→ EXERCISE:
Please write out every line of the material, leaving out any picture.

→ COLLECTED DATA:
============

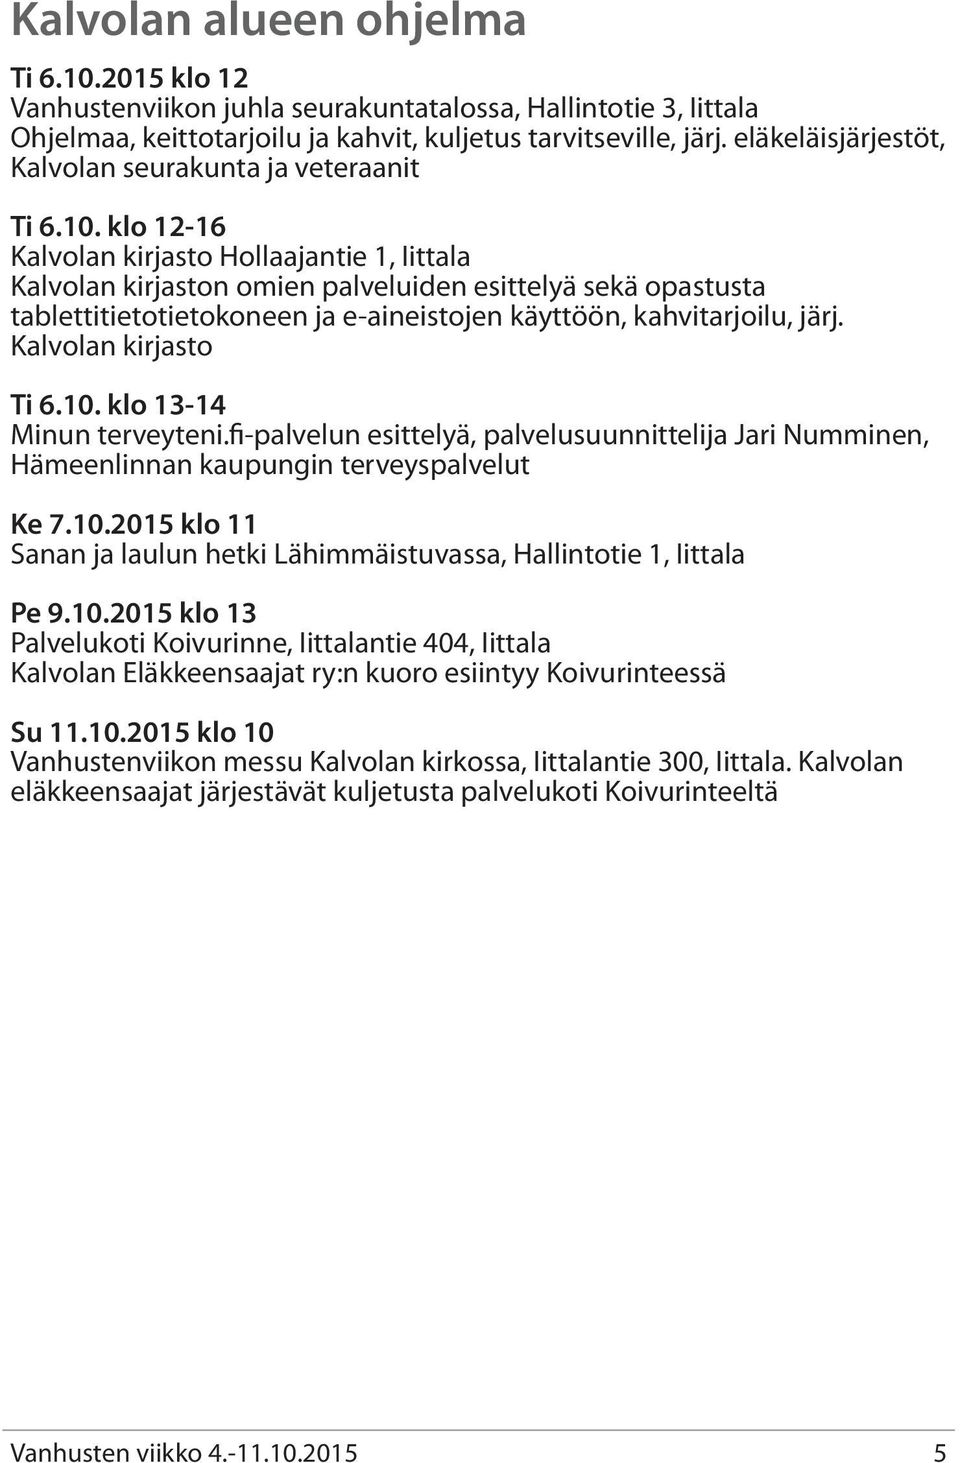 klo 12-16 Kalvolan kirjasto Hollaajantie 1, Iittala Kalvolan kirjaston omien palveluiden esittelyä sekä opastusta tablettitietotietokoneen ja e-aineistojen käyttöön, kahvitarjoilu, järj.
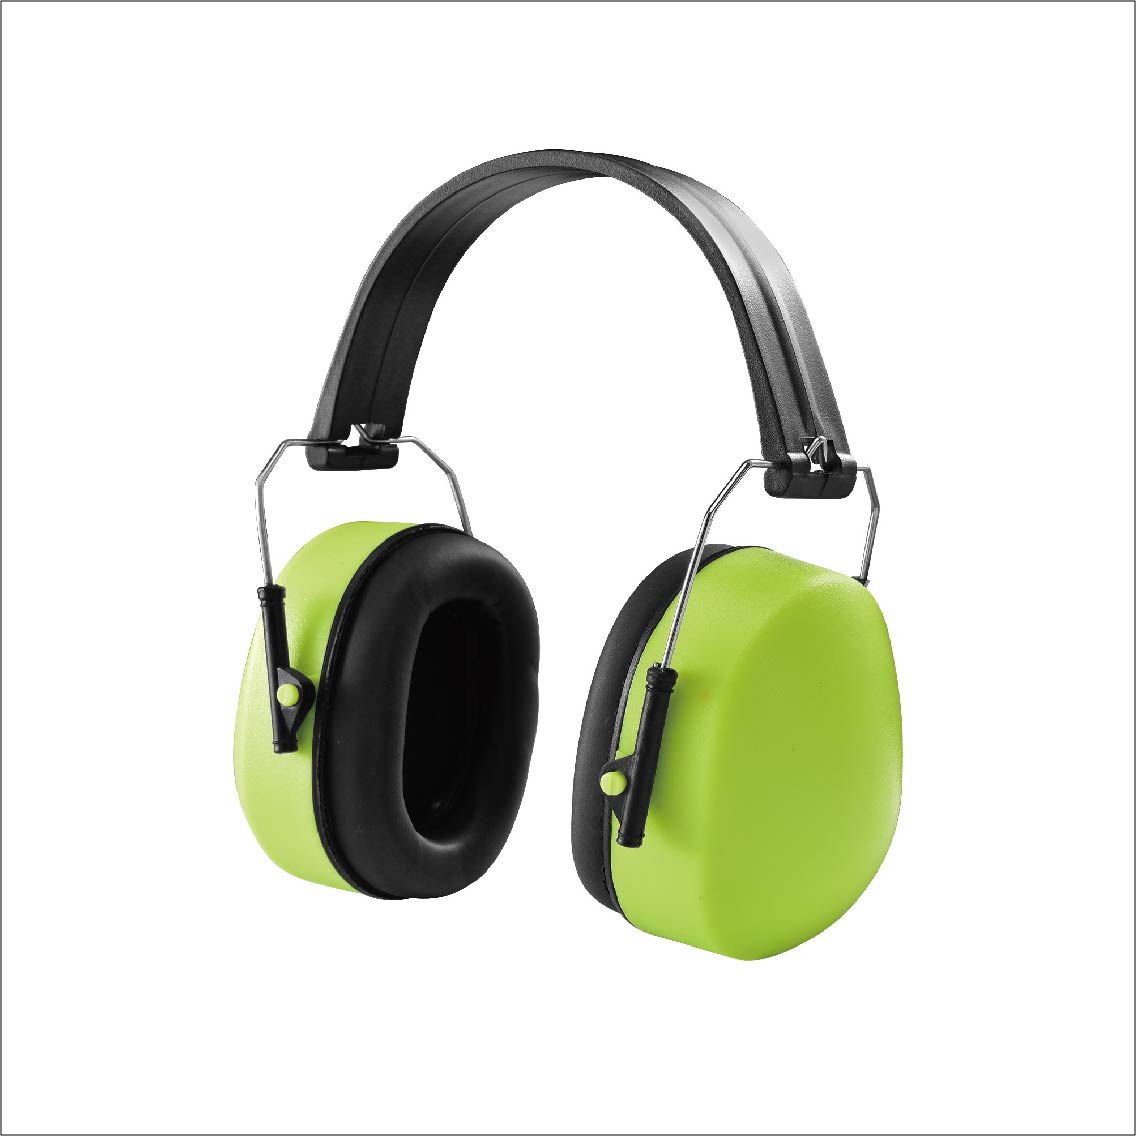  CE EN 352 Soundproof ABS Folding Ear Muff
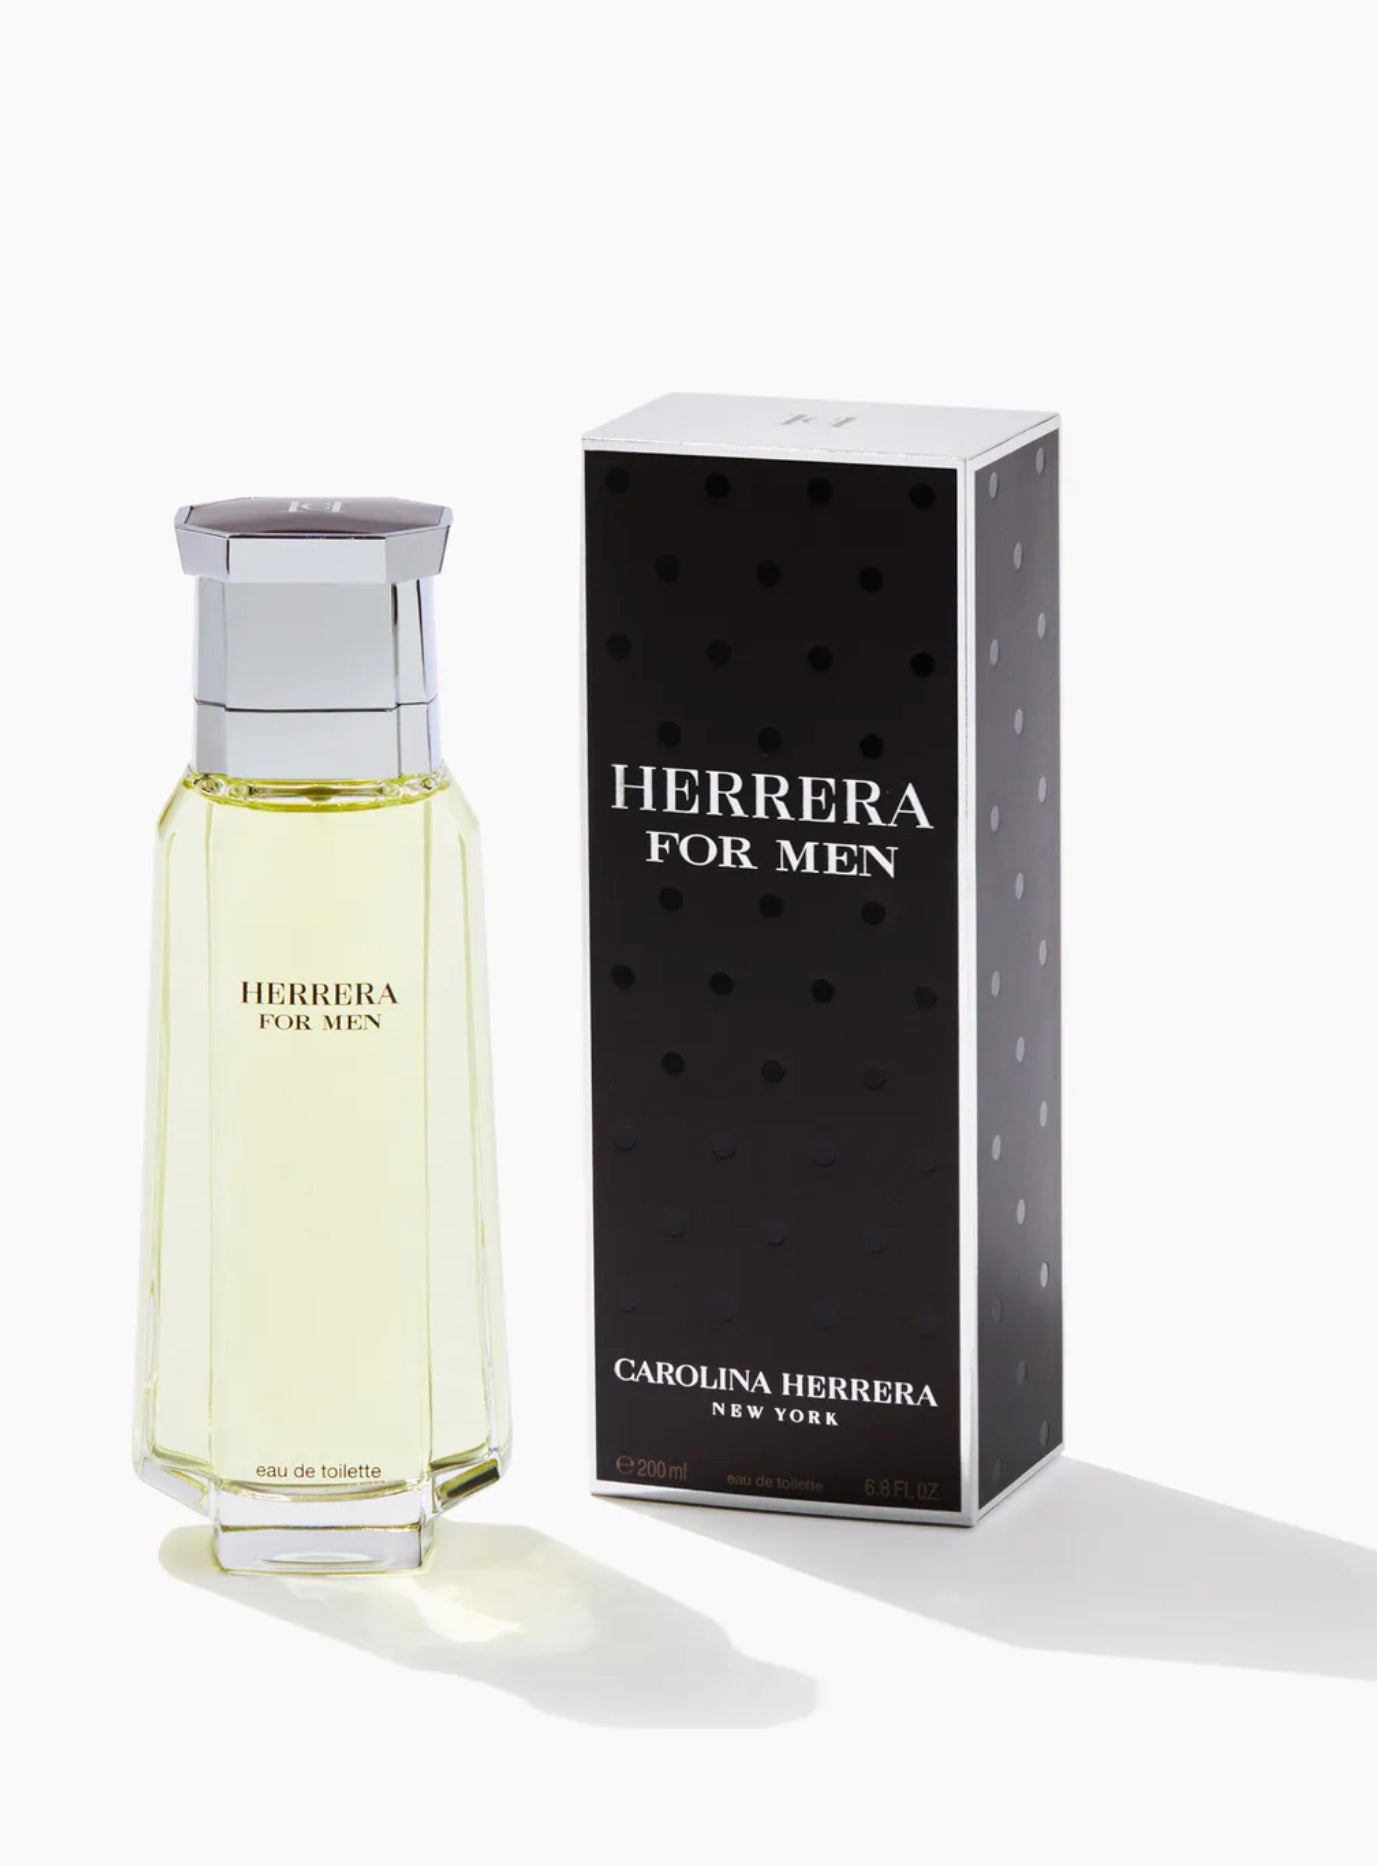 Herrera for Men by Carolina Herrera Eau de Toilette
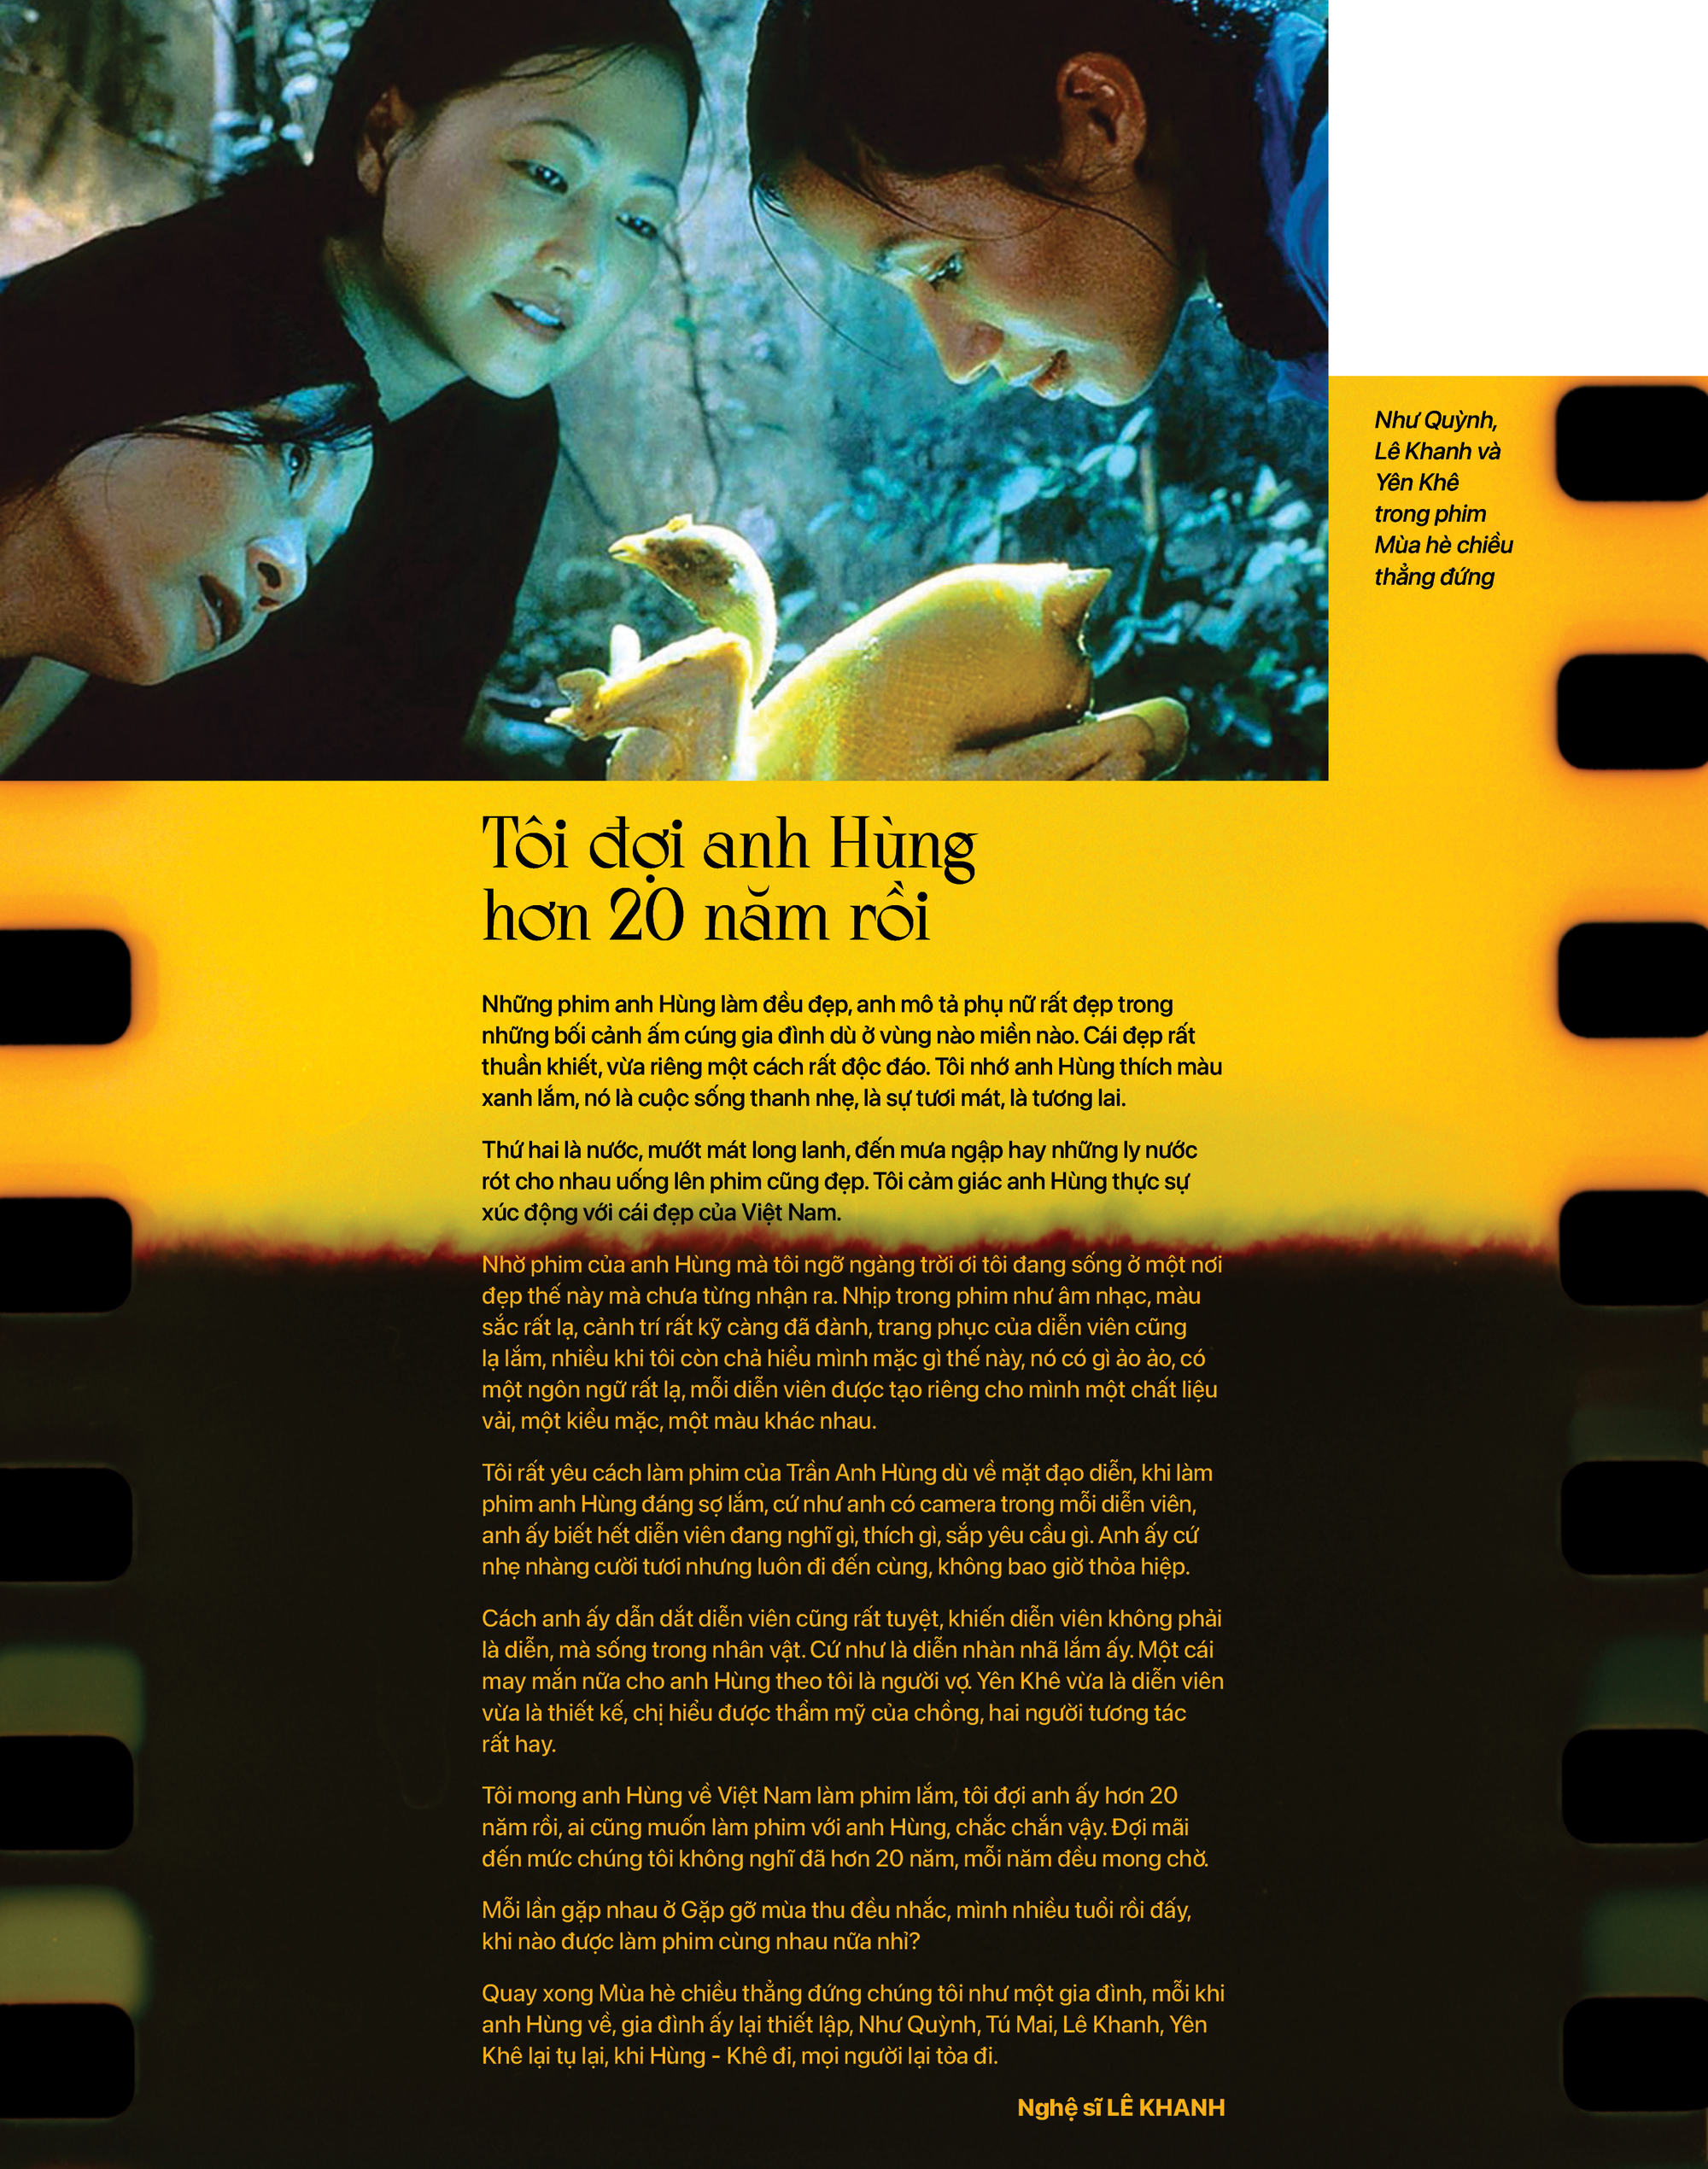 Đạo diễn Trần Anh Hùng: Tôi luôn muốn làm phim nói tiếng Việt Nam - Ảnh 7.

============

→ THE COMPLETED TASK:
 klo 12-16 Kalvolan kirjasto Hollaajantie 1, Iittala Kalvolan kirjaston omien palveluiden esittelyä sekä opastusta tablettitietotietokoneen ja e-aineistojen käyttöön, kahvitarjoilu, järj.
  CE EN 352 Soundproof ABS Folding Ear Muff
 Herrera for Men by Carolina Herrera Eau de Toilette
 Đạo diễn Trần Anh Hùng: Tôi luôn muốn làm phim nói tiếng Việt Nam - Ảnh 7.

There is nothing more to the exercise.